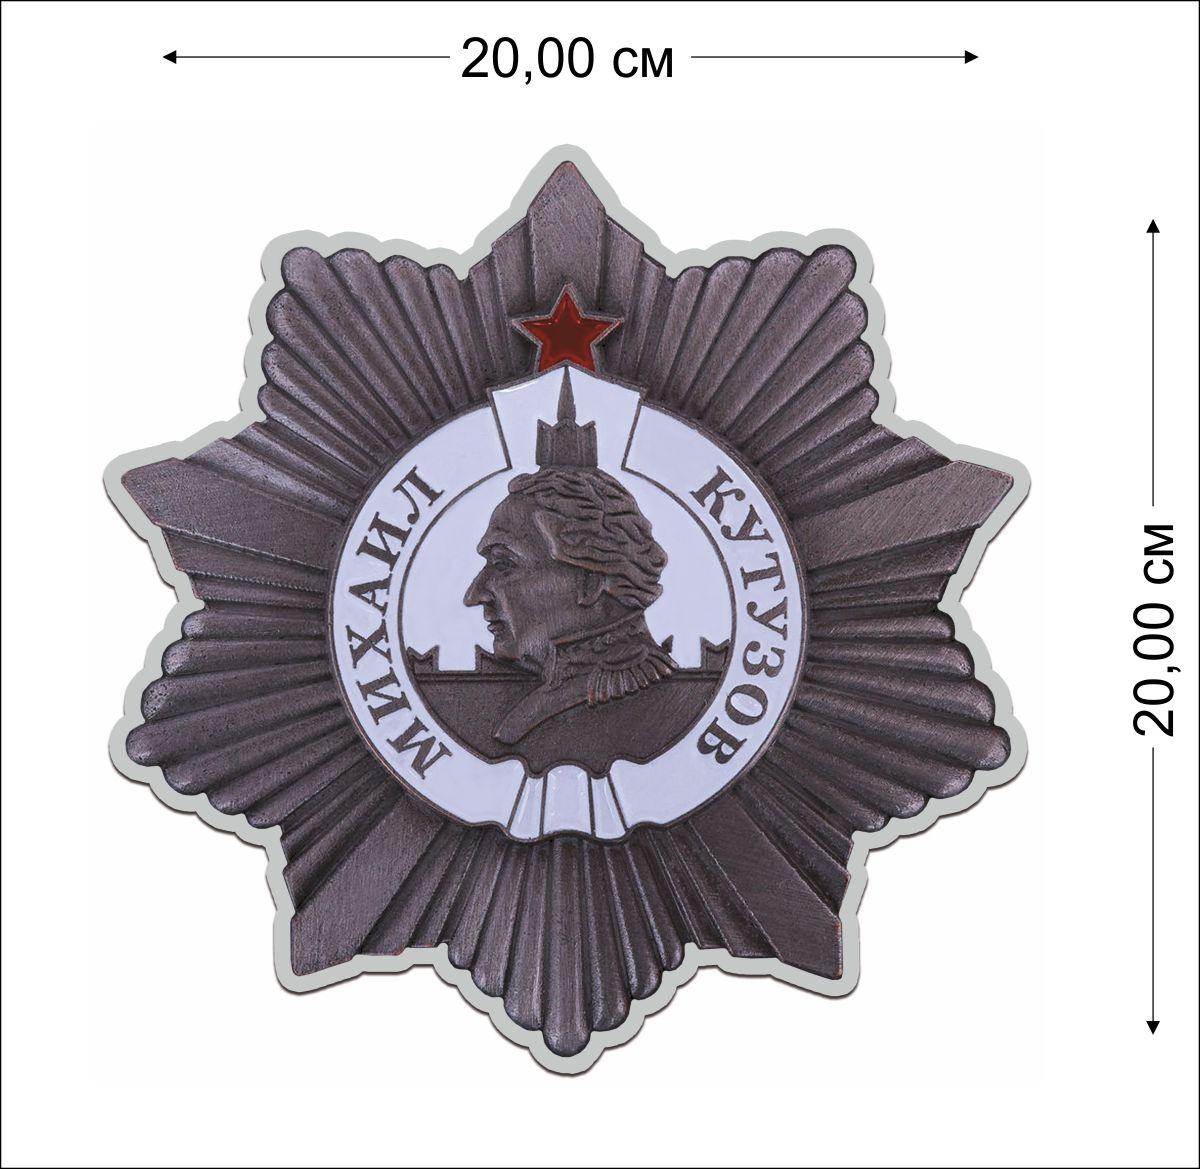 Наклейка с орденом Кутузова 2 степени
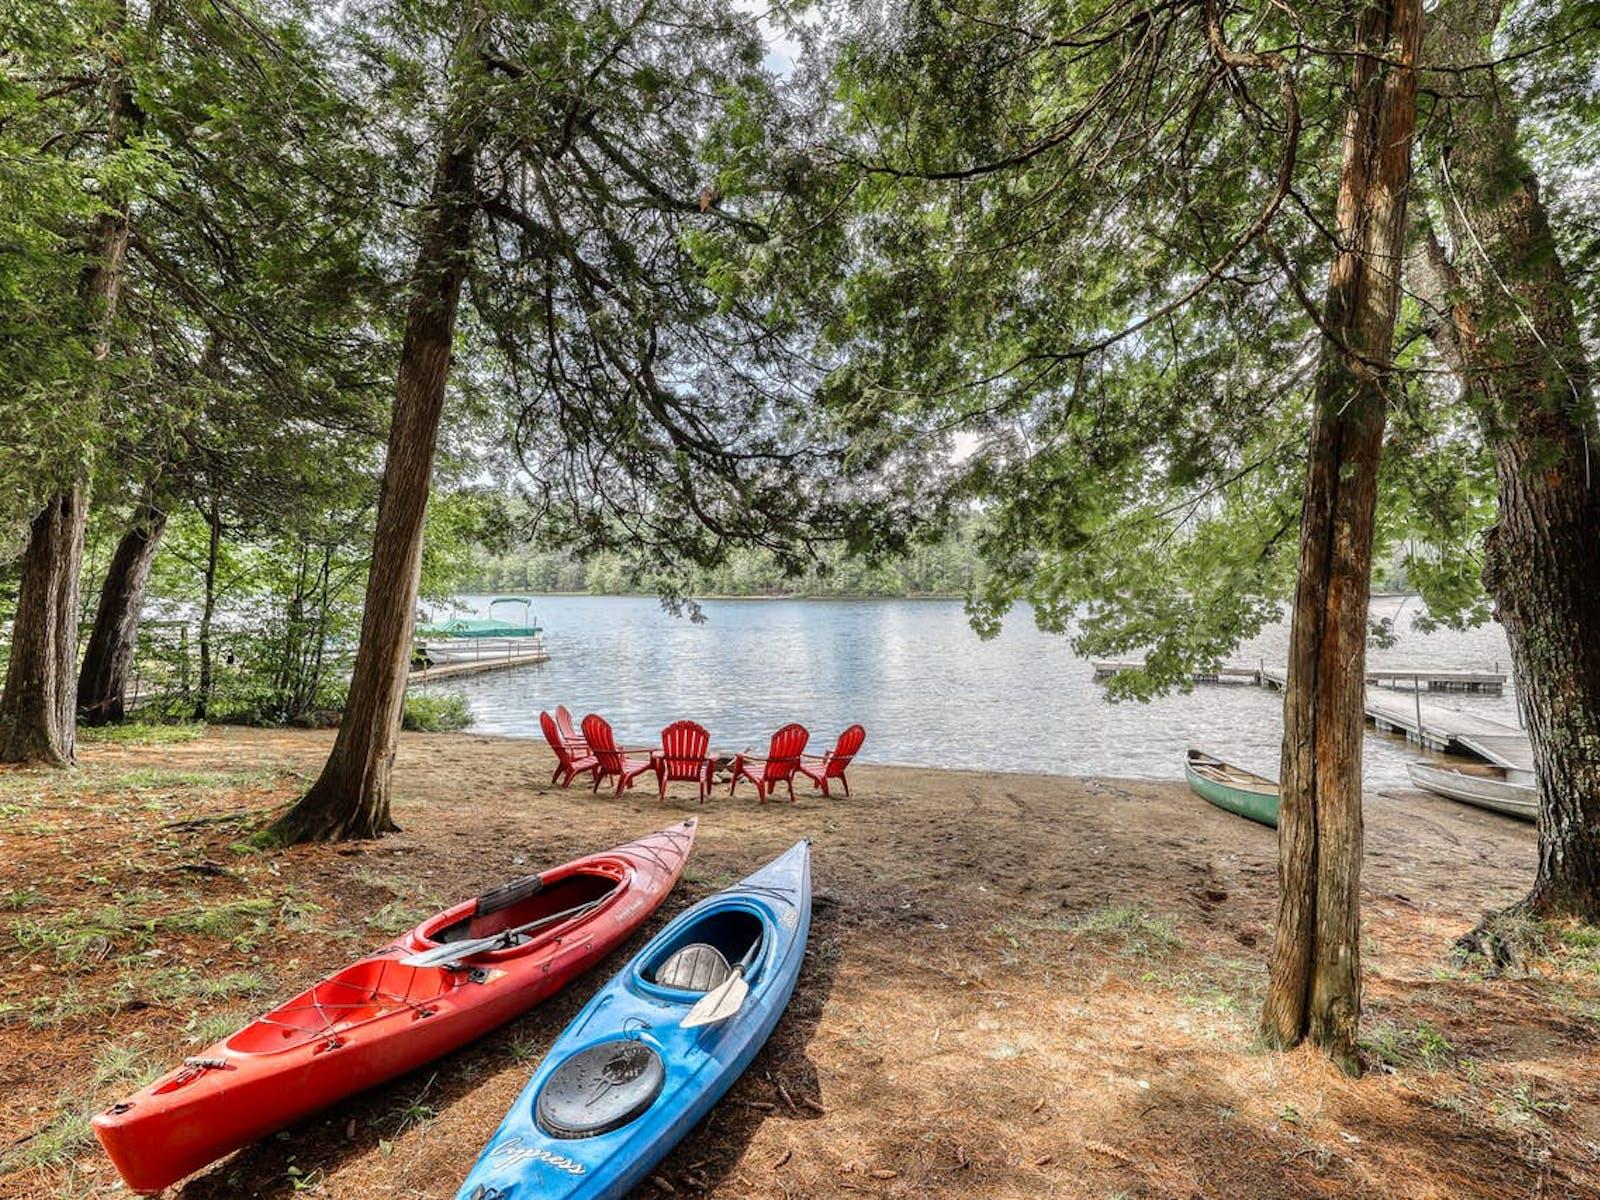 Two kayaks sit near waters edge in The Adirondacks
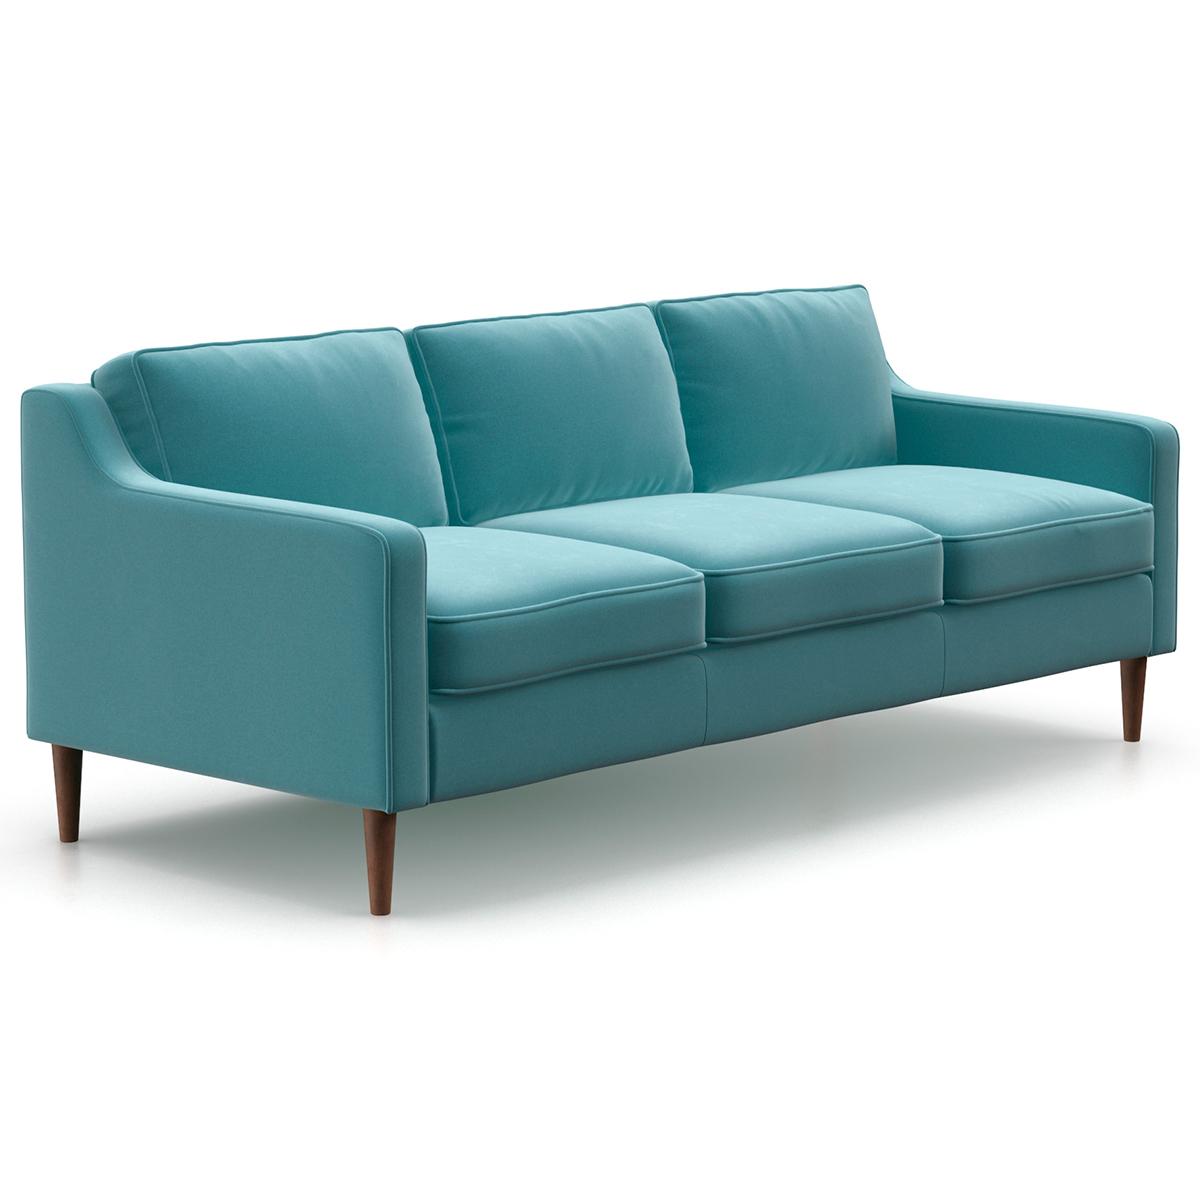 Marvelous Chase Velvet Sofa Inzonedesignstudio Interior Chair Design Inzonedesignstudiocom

Task to complete:
Transcribe the material exactly, keeping every word and none of the pictures.

Expected answer:
 Наклейка с орденом Кутузова 2 степени
 Two kayaks sit near waters edge in The Adirondacks
 Marvelous Chase Velvet Sofa Inzonedesignstudio Interior Chair Design Inzonedesignstudiocom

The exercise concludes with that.